Have you ever loved and hated the same person at the same time? You loved him for everything. But you hated him for some things. You don't know whether you should be thankful that he's in your life or you should hate him - accuse him - for all those things, all those small things. You don't know whether to love him and take him by the hand and tell him 'thank you, thank you, yes, yes, i love you too'. You don't know whether to tell him that he screwed you up, that you deserved better than this, anything but this, why did you do this, nothing can repent this, nothing.
I don't hate you anymore for the way you remind me of the person I cannot be, for the things I cannot have.
I never realized that I haven't fully forgiven you. It's odd. I wanted to but somehow, it's like, I forgot. In a rush to move forward, to erase, to start again, I forgot about this small little part. This small little bruise. And at the oddest moments, the memory lives again. And I never think, why do I always go back to this? I never stop to wonder, why do I keep coming back to this small 'insignificant' bruise? Now, I know why. And I know now, too, that you know. That you can see it in my eyes, hear it in my voice, sense it in my disdain and disgust. It wasn't meant for you - all the hate - but it did came from you. But it wasn't meant for you - you know that I love you right? It is too easy to take these things for granted.

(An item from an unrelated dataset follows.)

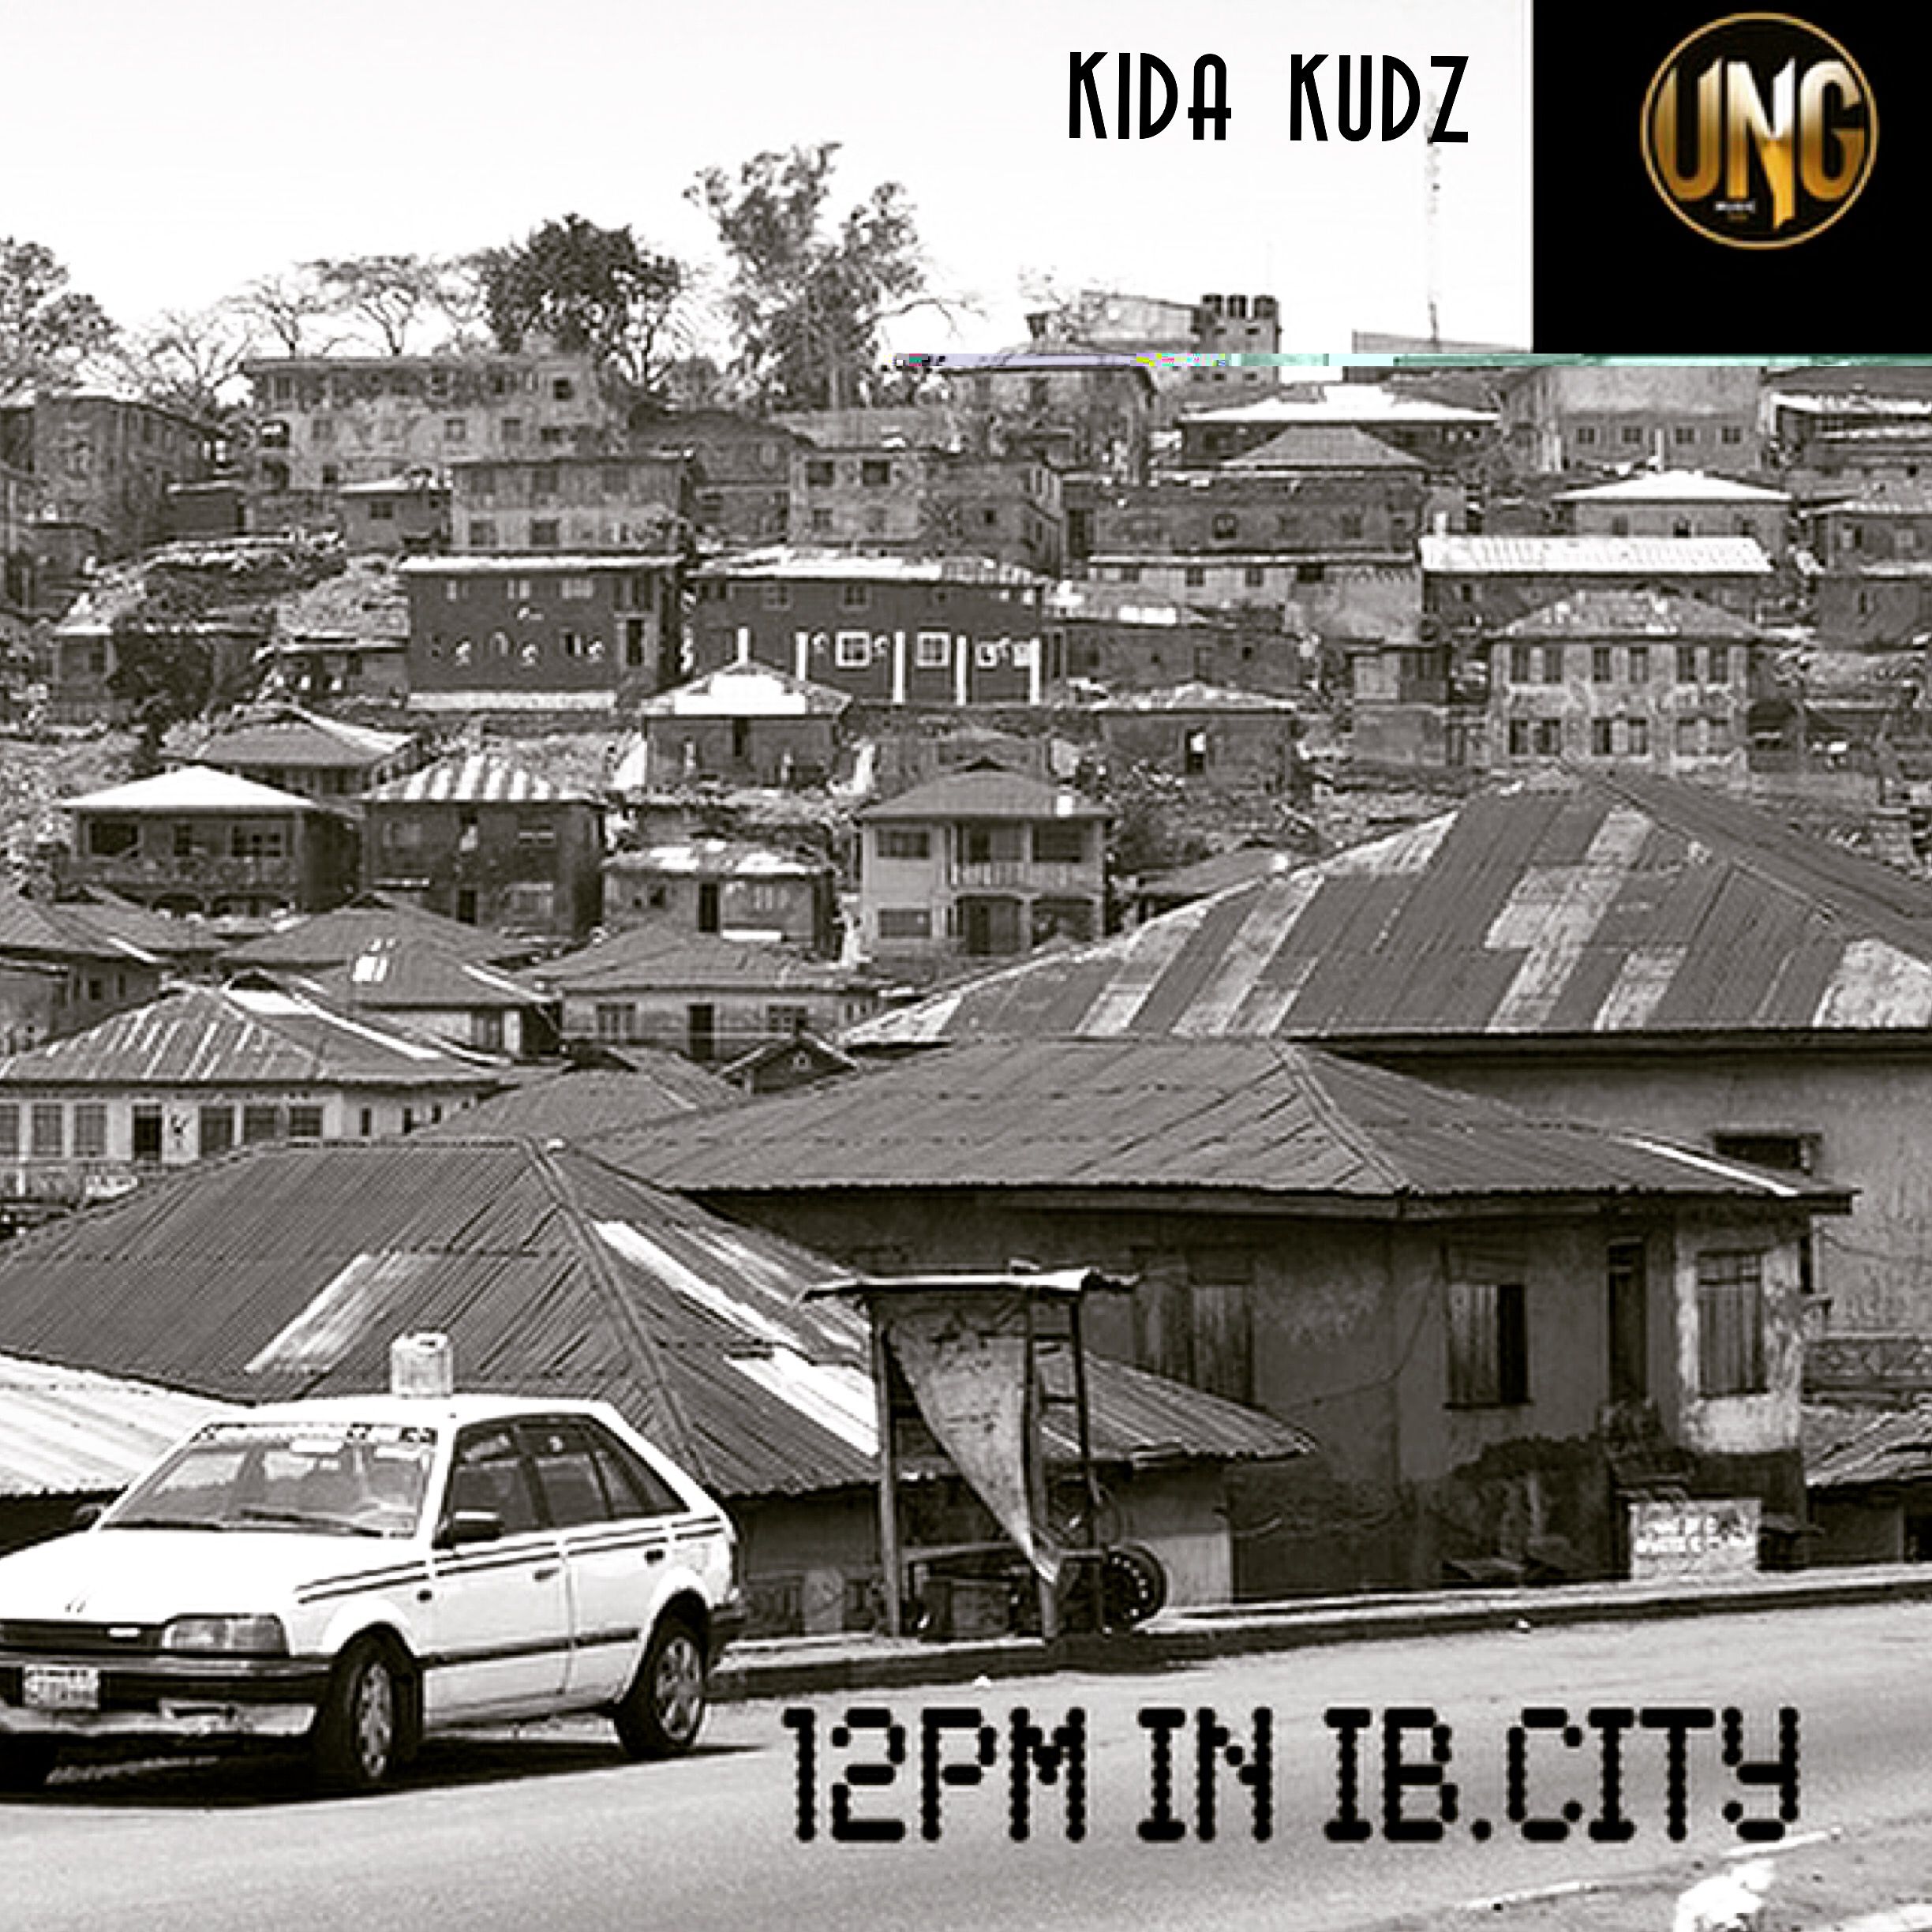 Kida Kudz - 12PM IN IB CITY (Freestyle) Artwork | AceWorldTeam.com
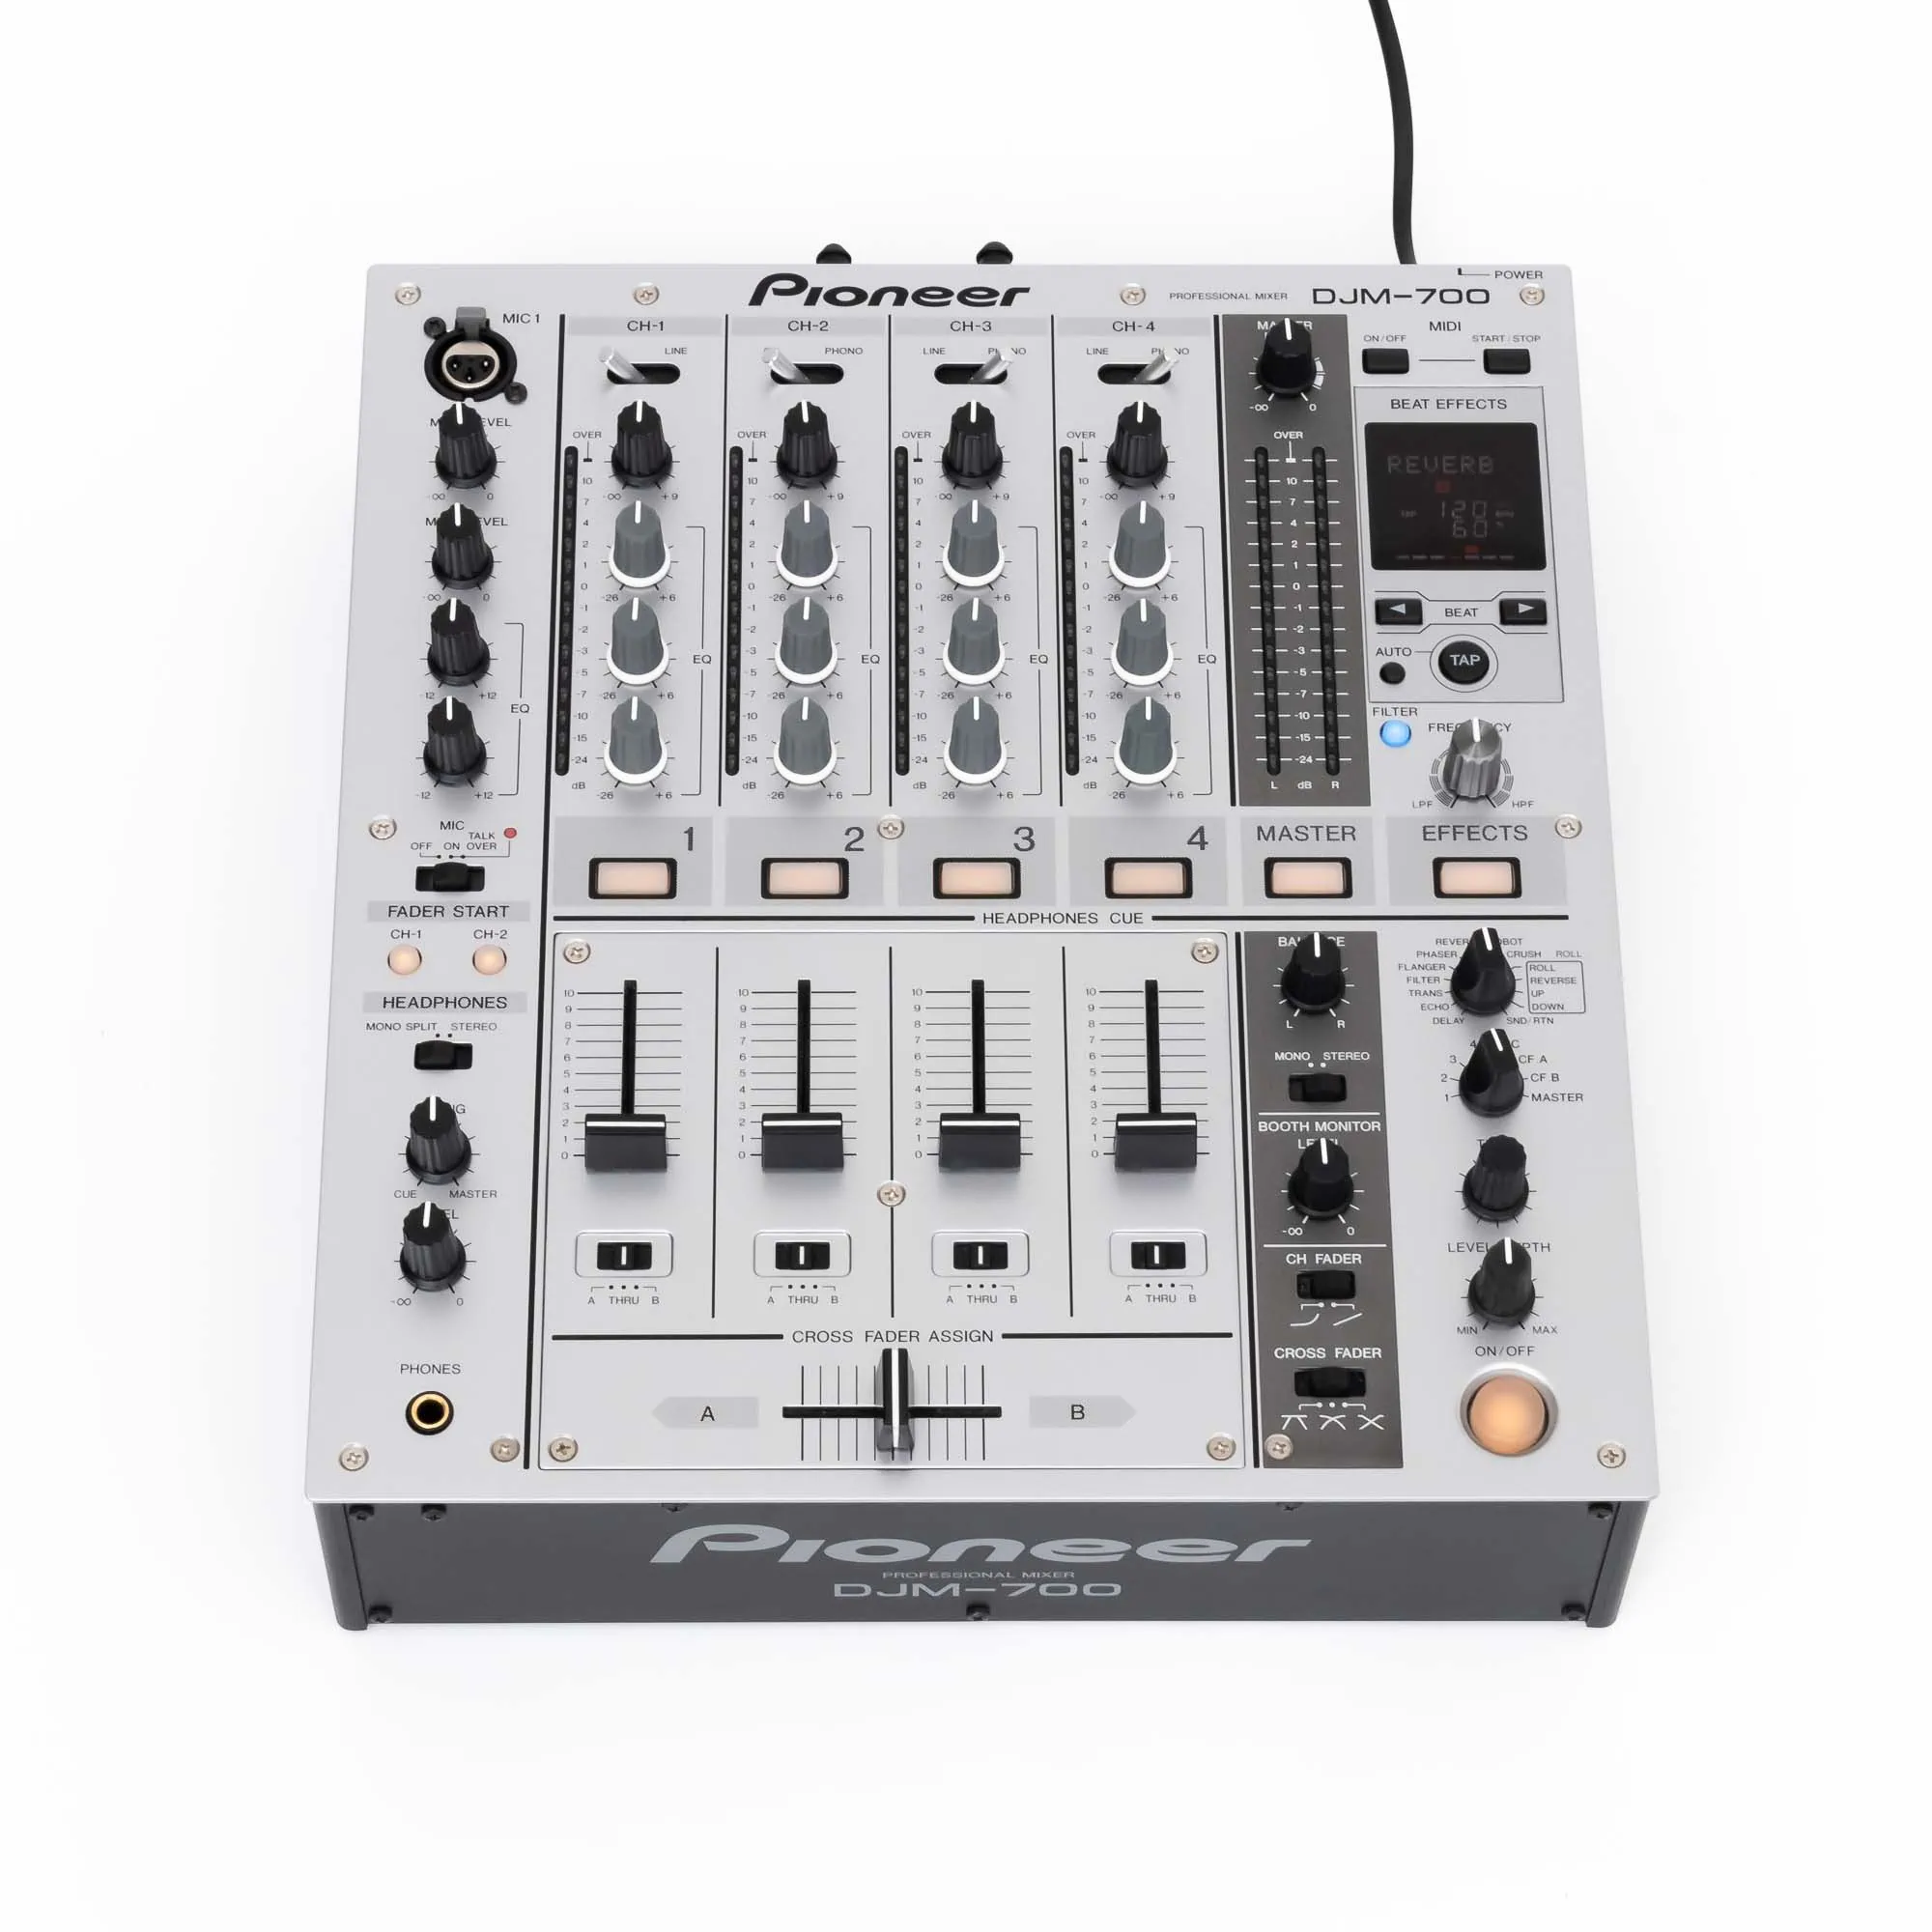 Pioneer DJ DJM 700 S gebraucht 3

I am forgiving you now. This is something overdue. And also something that I have to keep reminding myself. Forgive. Forgive. Forgive. And at the same, I must forgive myself too. For all the small things. I'm sorry, I'm sorry, I'm sorry - will this ever stop? Only time will tell.
You were the small bruise I overlooked.
Not anymore.
I am sorry.
-- Oh blue sands, will I ever get to marry my handsome friend? haha.